A questão dos abrigos é uma questão muito importante de ser discutida porque é necessário criar condições para que, no abrigo, a população em situação de rua também se sinta segura. É importante ter abrigos, mas é importante também criar condições para que o abrigo seja um espaço de acolhimento efetivo considerando as necessidades da população em situação de rua. Um exemplo que eu posso dar foi o plano de ação intersetorial que nós desenvolvemos aqui no Distrito Federal, durante a pandemia, com a participação dos profissionais da residência multiprofissional em atenção básica e que trabalhamos com a rede de saúde, a rede de desenvolvimento social e com a sociedade civil nos abrigos que foram construídos para o acolhimento à população de rua no momento da covid-19. Realizamos desde atividades voltadas para a escuta da população em situação de rua, rodas de conversa com psicoeducação, sempre reconhecendo a importância de todos os atores presentes para a promoção do cuidado. Por outro lado, a disponibilidade de alimento é uma questão que é muito presente hoje. Como consequência da pandemia, vimos um aumento do número de pessoas em situação de fome: quase 20 milhões de brasileiros e brasileiras estão em insegurança alimentar.

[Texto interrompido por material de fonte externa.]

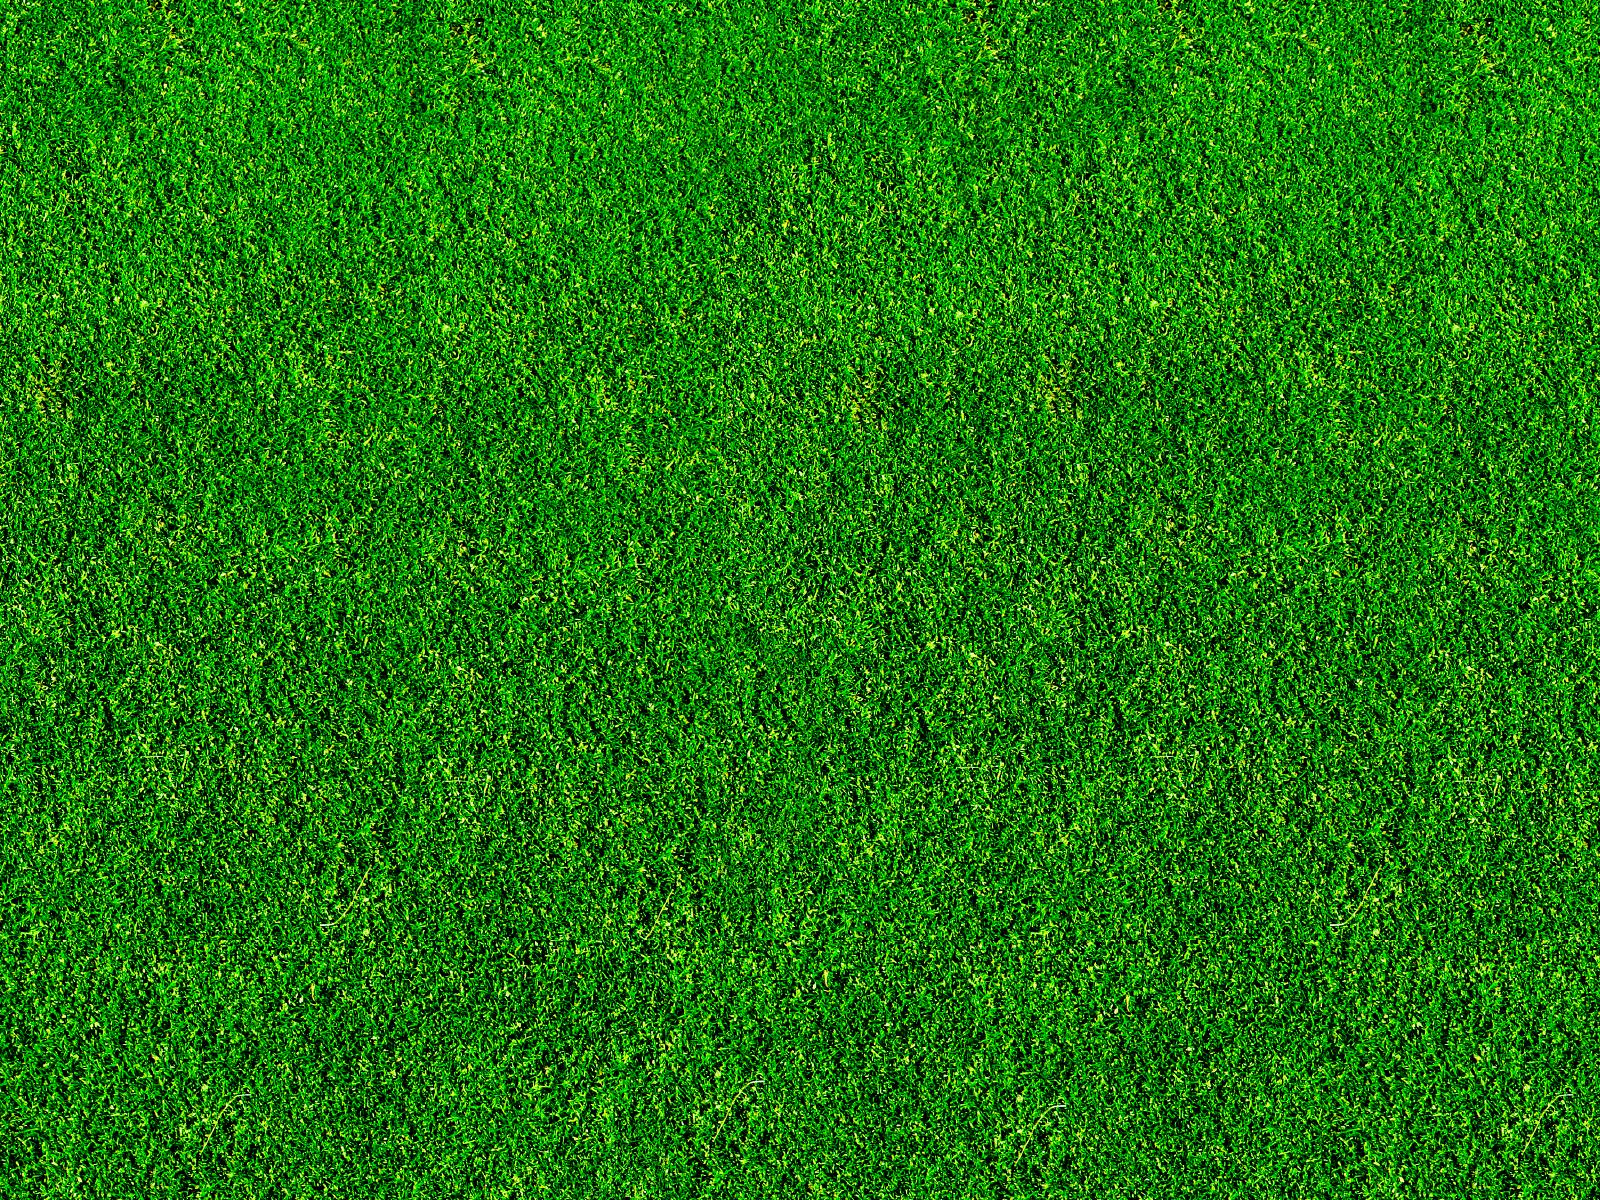 Medium Green Grass Model Train Scenery Sheet | Scenery Sheets - Easy ...

A questão da alimentação é central e precisa ser cuidada. É importante que haja uma estrutura intersetorial de cuidado com promoção de atividades e com ações que façam com que os moradores se sintam amparados. O abrigo não deve ser só um lugar pra dormir e pronto.

As imagens desta reportagem foram produzidas com apoio doReport for the World, uma iniciativa doThe GroundTruth Project.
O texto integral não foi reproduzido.